- _TASK_:
Skip the images and print the listing exactly.

- _RECORDED DATA_:
────────────────

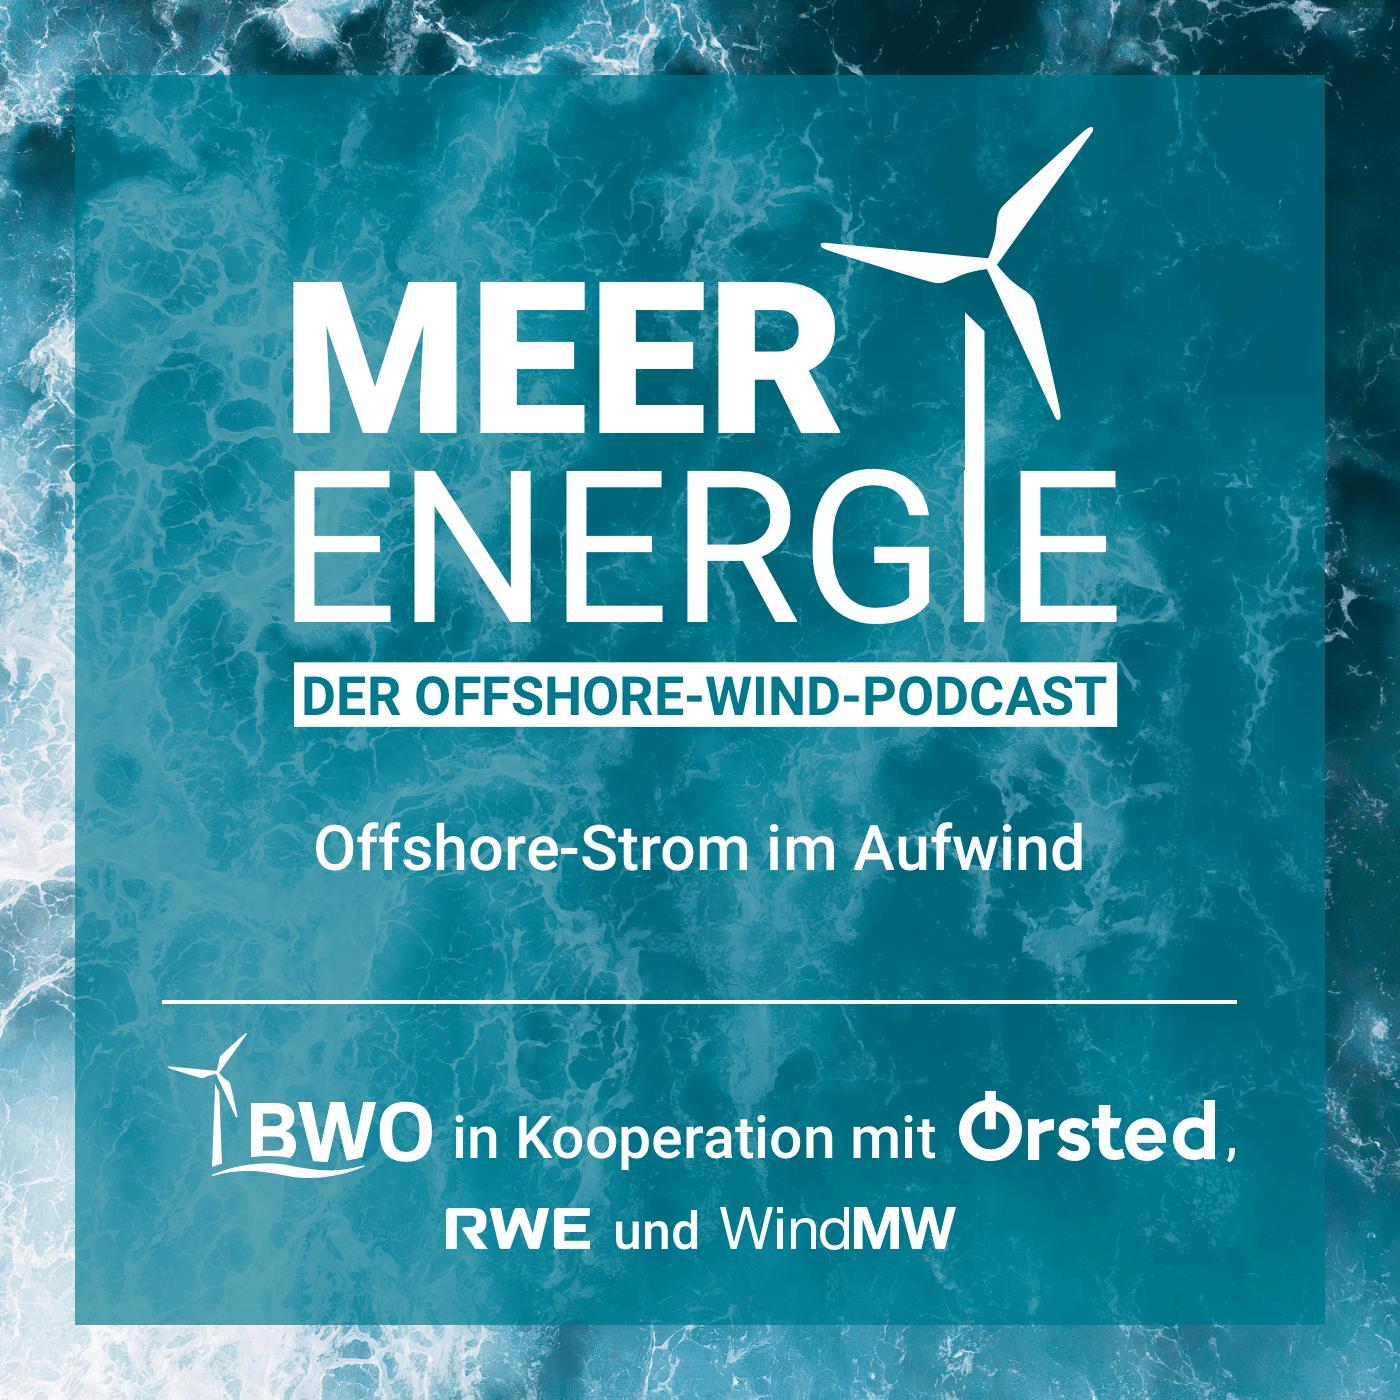 Offshore-Strom im Aufwind
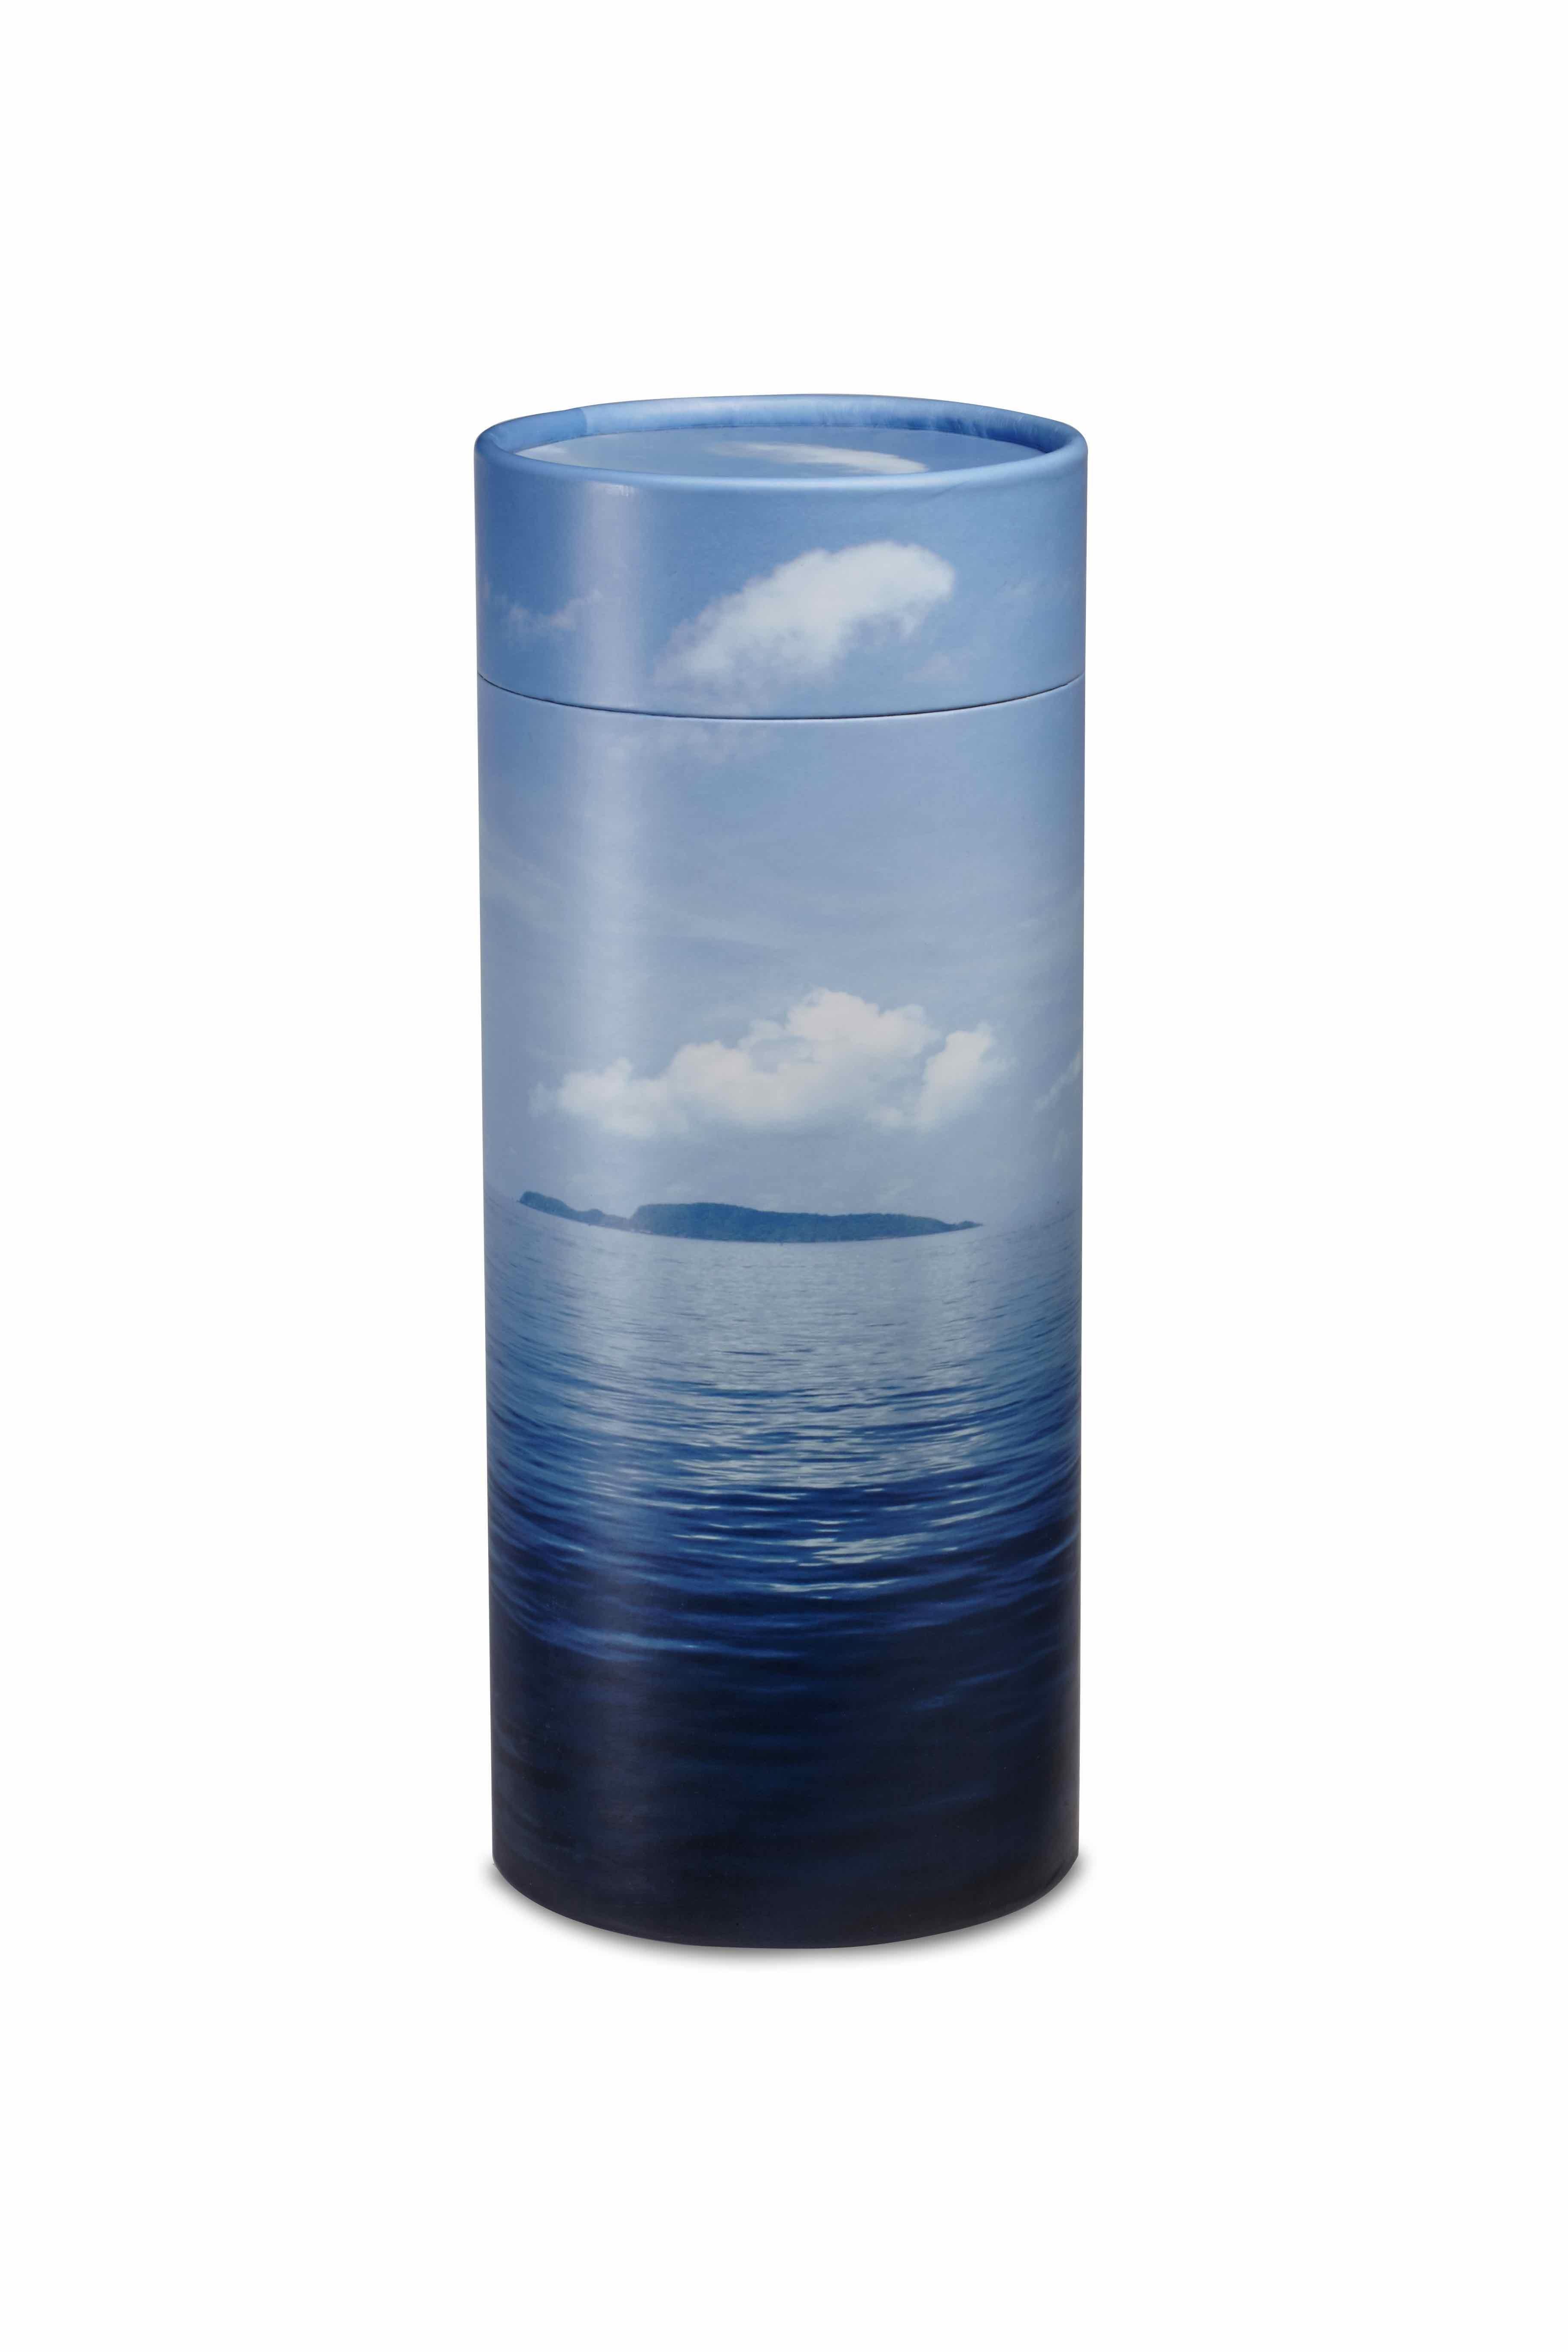 CARTON ZEPHYR Ocean
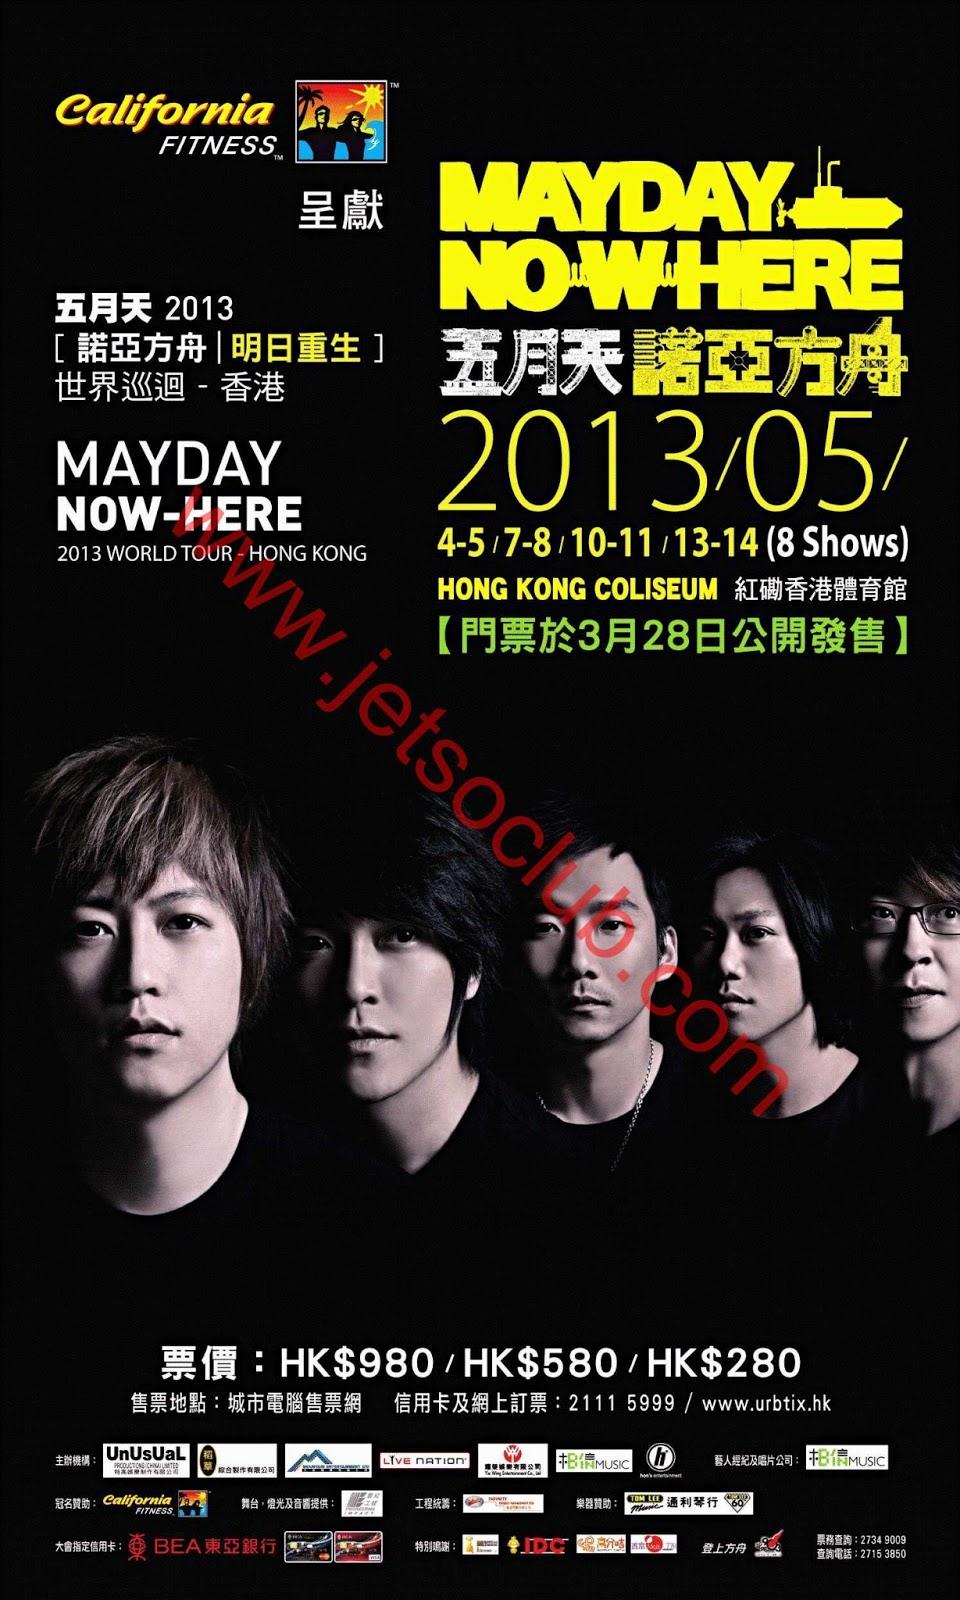 五月天 [諾亞方舟 l 明日重生] 2013世界巡迴演唱會 - 香港」門票公開發售(28/3起) ( Jetso Club 著數俱樂部 )

────────────────

- _YOUR RESPONSE_:
 Offshore-Strom im Aufwind
 CARTON ZEPHYR Ocean
 五月天 [諾亞方舟 l 明日重生] 2013世界巡迴演唱會 - 香港」門票公開發售(28/3起) ( Jetso Club 著數俱樂部 )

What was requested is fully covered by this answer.